Though at first glance it may seem silly to use such an example to illustrate the relationship between poisonous snakes and other animals, it is not silly at all. Both the rattlesnake and a bison, say, are potentially dangerous to each other. Neither can get the slightest good out of contact with the other. On the other hand, both can profit immensely by staying cleanly out of one another’s way. What, then, is more logical than that the snake should evolve a warning device, and the potential enemy – the inadvertent trampler – the psychology to react to the warning? Even a carnivore that usually ate snakes – unless it was immune to snake venom – would logically be better off if it had a heritable ability to recognize, or to learn to recognize, harmful snakes. Then it could go about its business of eating harmless snakes without any trouble. The candy-stick coloration of coral snakes would surely entrench any such discriminatory capacity as might be found naturally in a coon or a hawk or any other snake-eating predator. So would the rattlesnake’s hair-raising song.
The idea of a poisonous animal evolving a warning device that will work only if a potential enemy also evolves the sense to react to the warning is hard for some people to accept. I do not know why this should be so. Besides logic, a great store of anecdotal evidence supports its reality. Nearly any mature Florida bird dog, for instance, reacts instantly to the sound of a rattlesnake. While it is hard to be sure what a dog has learned from previous experience or from other dogs, it can in most cases I know about be confidently said that the learning process did not involve being bitten by a rattlesnake. A pointer I used to hunt with in central Florida, though it had never been bitten by a poisonous snake in its life, showed unmistakable evidence of associating the rattle with a particularly odious situation. In its quartering for quail, if you saw it suddenly jump into the air and you went to the spot to see what had scared it, one of two things was most often there – a coiled diamondback, or a bush of a certain species of Crotalaria, the dry pods of which rattle when disturbed, almost like a rattler’s alarm. Only one of the several species of Crotalaria sounds authentically like a snake, and only that species used to make my dog jump. But the effect of a collision with that was electric, and for all the years of its life the dog rose like a bird when it stirred the fearful noise from a diamondback or from the bush that I think sounded the same to the dog.

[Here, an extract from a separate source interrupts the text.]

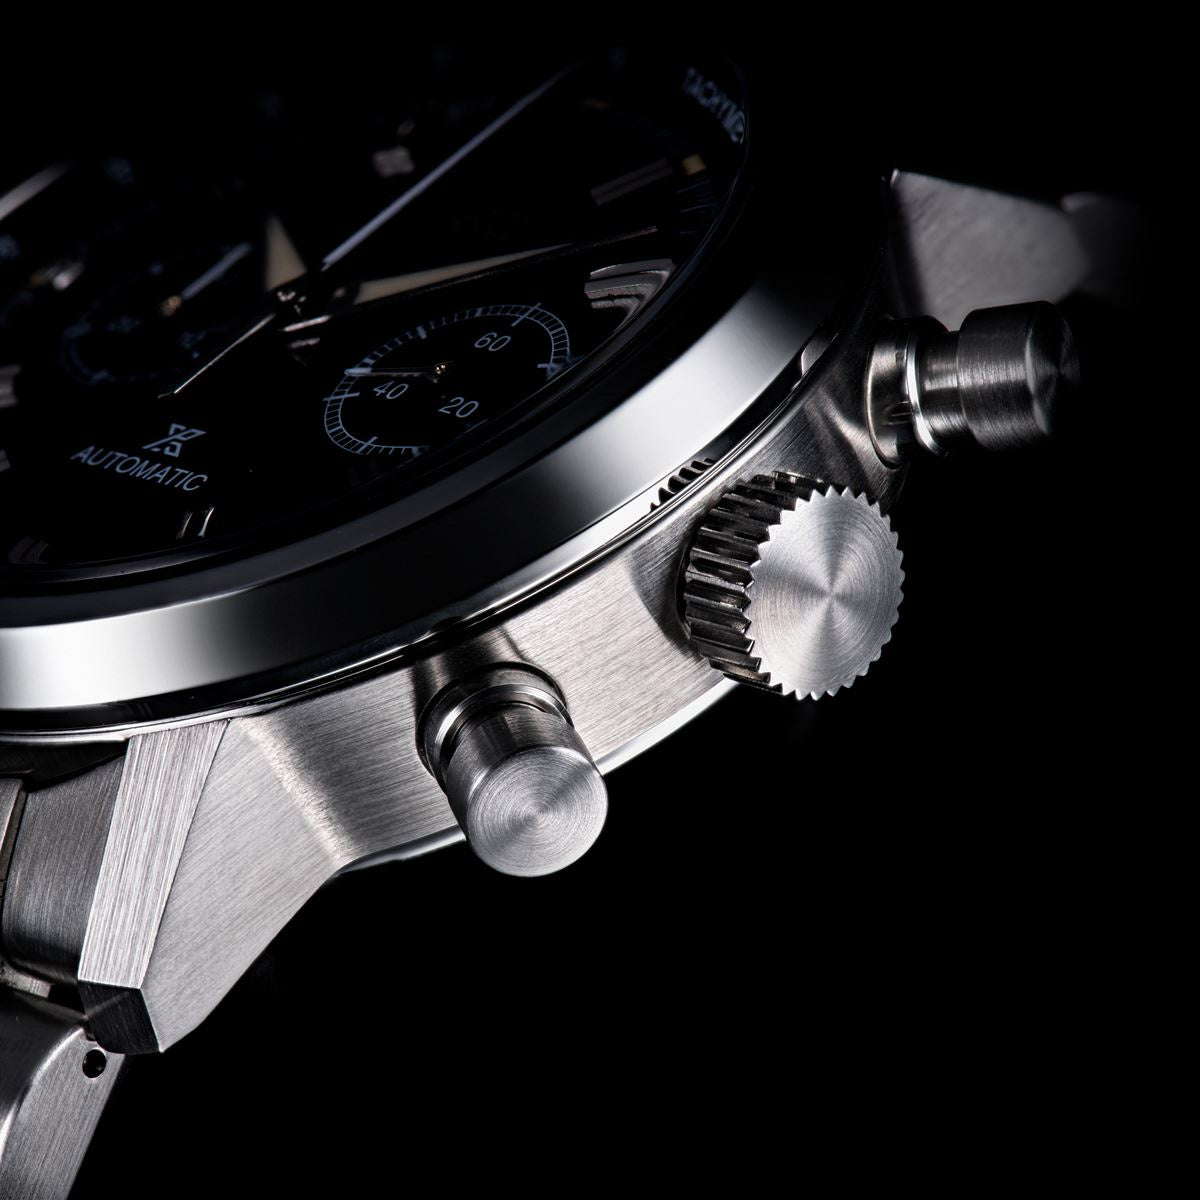 セイコー プロスペックス スピードタイマー SBEC009 腕時計 メンズ 自動巻クロノグラフ 限定モデル SEIKO PROSPEX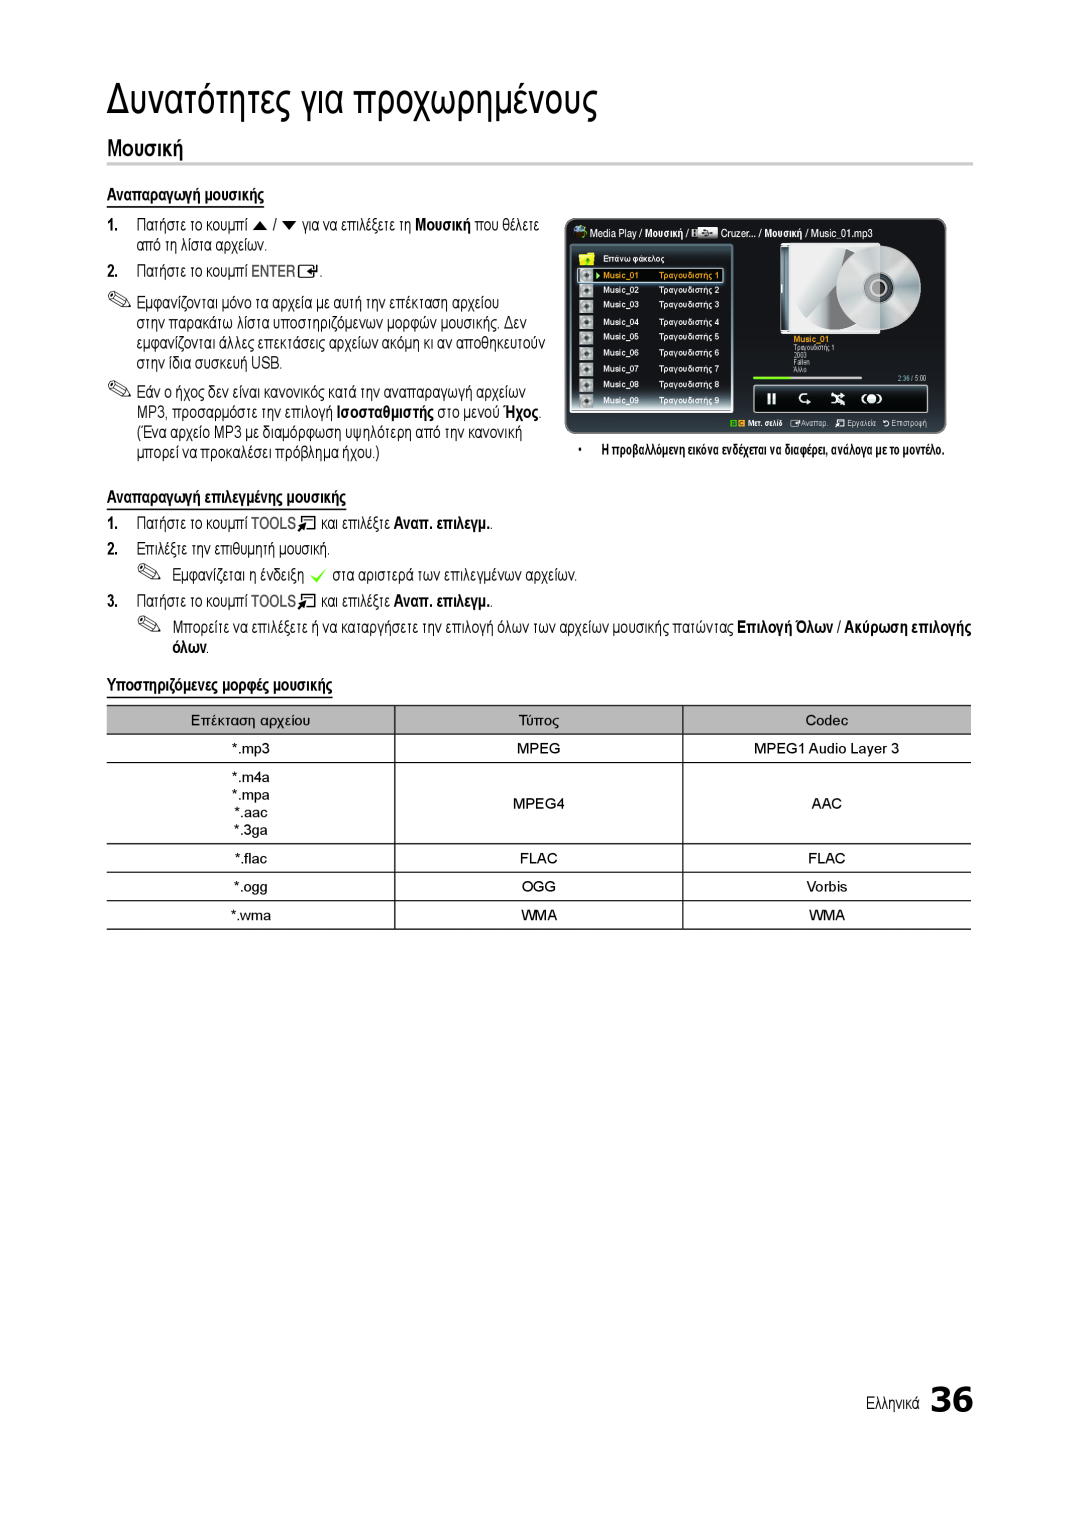 Samsung LT22B350EW/EN manual Μουσική, Δυνατότητες για προχωρημένους, Αναπαραγωγή μουσικής, Αναπαραγωγή επιλεγμένης μουσικής

That is of course not a scientific observation. It involves a subjective judgment on my part, and the behavior of only one dog. And it in any case leaves unanswered the question whether the reaction is innate in canines or is learned by associating the sound of the rattle with the bites or aggressive behavior of snakes in general – or is learned from other dogs. That dogs are or Old World, and rattlesnakes of American origin, makes it seem unlikely that the pointer was born genetically able to associate the sound with the snake. On the other hand, the buzzing of rattlesnakes is really just an elaboration of a tendency of many kinds of snakes to vibrate the tail when approached by a potential enemy. The vibration is often soundless, but in dry leaves it makes a little rattling or humming noise. Possibly dog ancestors evolved the capacity to associate such a sound with ill-tempered or dangerous snakes. But the important point is that the rattle of the rattlesnakes makes little sense unless it can be thought of as an agent of advantage to the bearer. And the advantage in not being stepped on by a bison or chopped up by the teeth of a wolf seems pretty clear. That the bison and wolf might go away poisoned and die would be little comfort to the snake. Its profit would come from preventing the encounter from happening.